Eu estava em um ambiente seguro. Jamais falaria da minha identidade com tanta leveza se eu não estivesse em um espaço seguro, se eu soubesse que iria ser alvo do Nikolas Ferreira e do Nego Di, por exemplo.
Jupi77er
O que é boyceta?
O termo boyceta teria surgido oficialmente em 2020, mas veio de processos mais antigos de autorreconhecimento. A autoria da concepção da identidade de gênero é dada a Roberto Chaska Inácio, um boyceta indígena e PCD ligado à cena rap paulistana — o nascimento do termo, inclusive, acontece na Batalha Dominação, um evento de freestyle protagonizado por mulheres e pessoas trans, que ocorre no centro da capital paulista. Roberto morreu em dezembro de 2022.
Em termos gerais, boyceta é uma identidade não binária. Nela, estão pessoas que foram designadas como do sexo feminino ao nascimento, mas se identificam com o gênero masculino, sem necessariamente se considerarem homens trans. "É nessa identidade que eu me sinto bem para expressar também a minha feminilidade, porque eu não me sinto restrito à masculinidade. O binarismo de gênero não faz sentido para mim, eu estou justamente rompendo essa norma", explica Jupi77er.

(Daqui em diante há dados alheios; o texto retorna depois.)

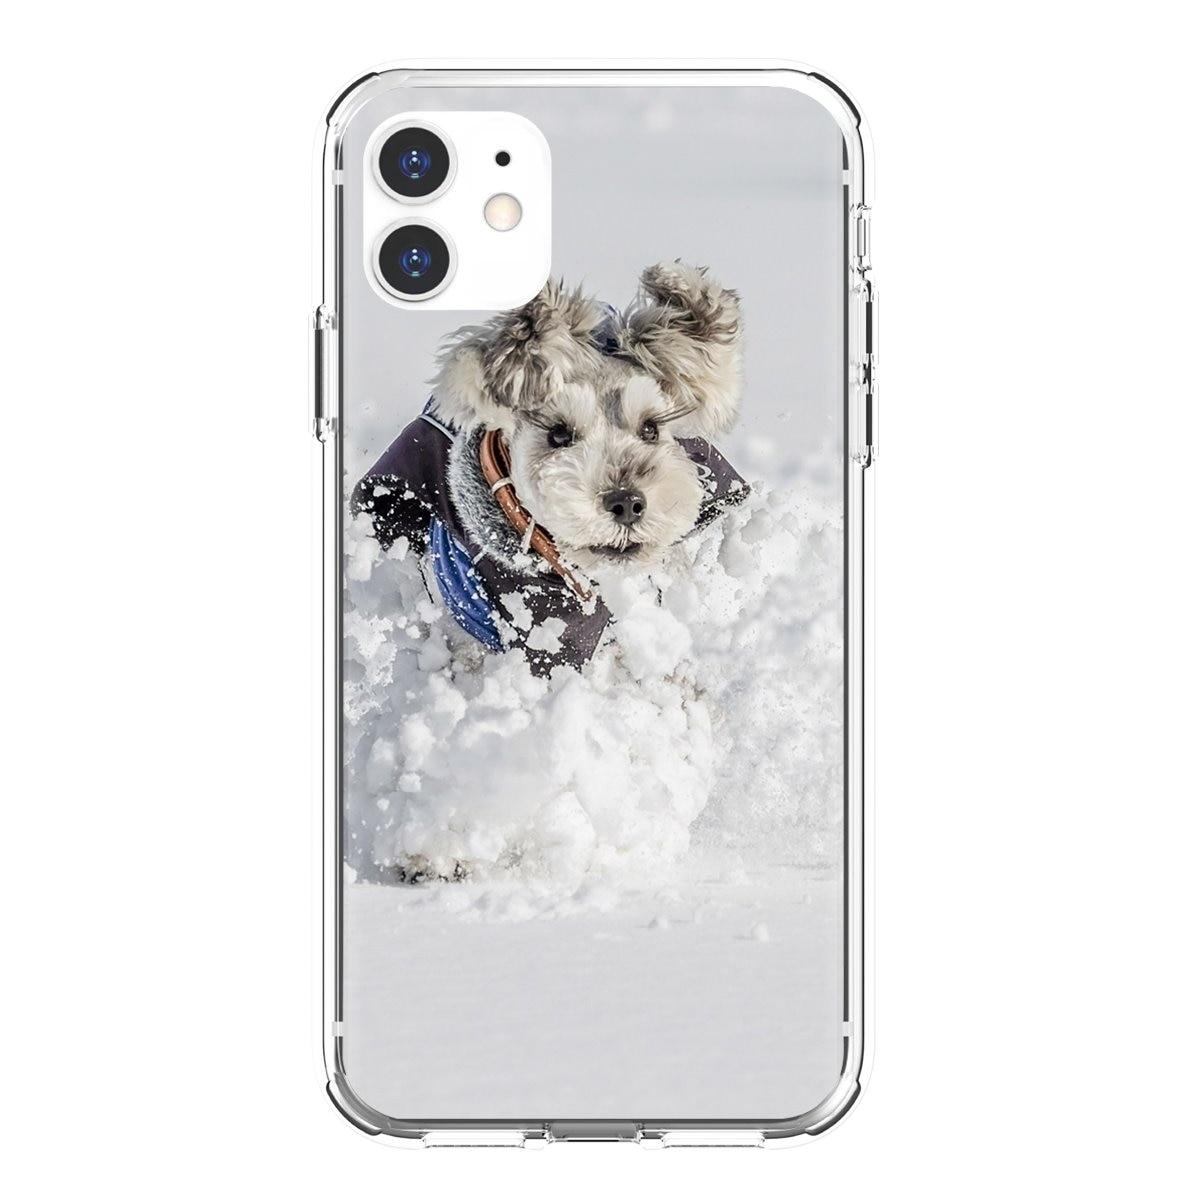 Divertido Schnauzer perro teléfono inteligente, de silicona teléfono caso para Xiaomi Mi5 Mi5S Mi6 Mi3 Mi4 Mi4i Mi4C Redmi nota 2 3 3S 5 5A 6 6A Pro
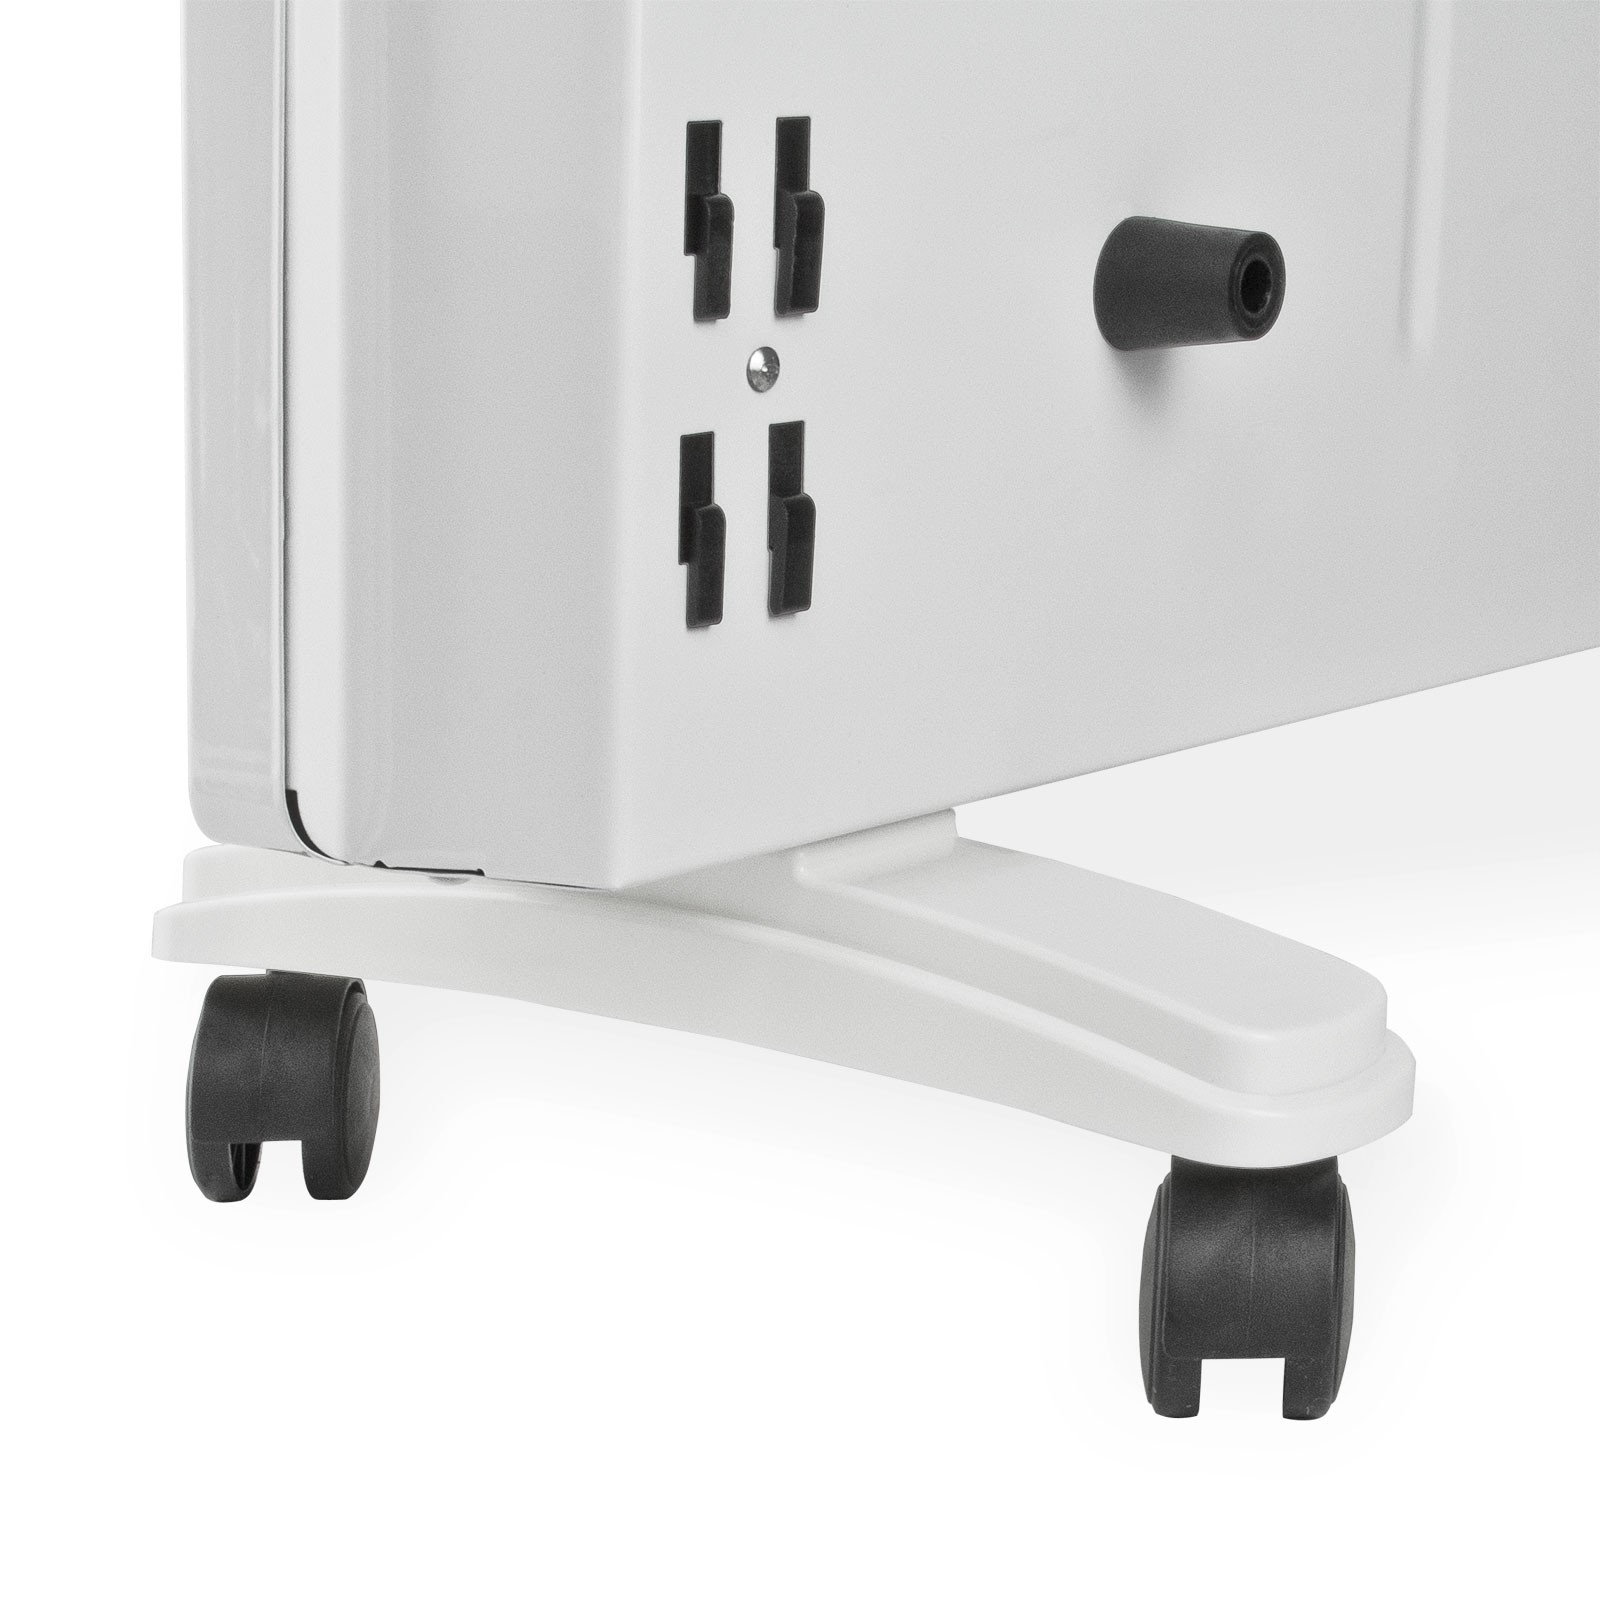 konvektor heizk rper elektroheizung raumheizer elektroheizk rper heizer rh 2000w ebay. Black Bedroom Furniture Sets. Home Design Ideas

Comecei o uso do termo com a ideia de não aversão à genital e o medo de que nossa genital nos tornassem menos homens. Eu falava sobre dar! Sim, dar! E que isso não afetava nossa masculinidade. Ser boyceta também me significava tentar ser o menos "macho" possível. Boyceta é sobre minha feminilidade. [...] Nunca foi só sobre genital, nem sobre binaridade ou não binaridade. Boyceta reflete toda minha vida, minha vivência. Esse termo me trouxe conforto com meu corpo e mente, me fez me aceitar melhor. Me trouxe ao mundo.
Roberto Chaska Inácio, em texto publicado sobre a identidade de gênero
Boyceta e a cultura periférica são indissociáveis. Nascida em meio às batalhas de rap, a identidade é muito característica das vivências de pessoas marginalizadas tanto quanto ao seu gênero, quanto à sua cultura. "É um termo que nasceu na rua", define Jupi77er.
Para explicar boyceta, muitas vezes é feito um paralelo com a identidade travesti. O pesquisador Guilherme Calixto Vicente, mestrando em Antropologia pela UFSC (Universidade Federal de Santa Catarina), que se define como boyceta, escreve que ambas as identidades são focadas na fuga do binarismo de gênero e na autodeclaração.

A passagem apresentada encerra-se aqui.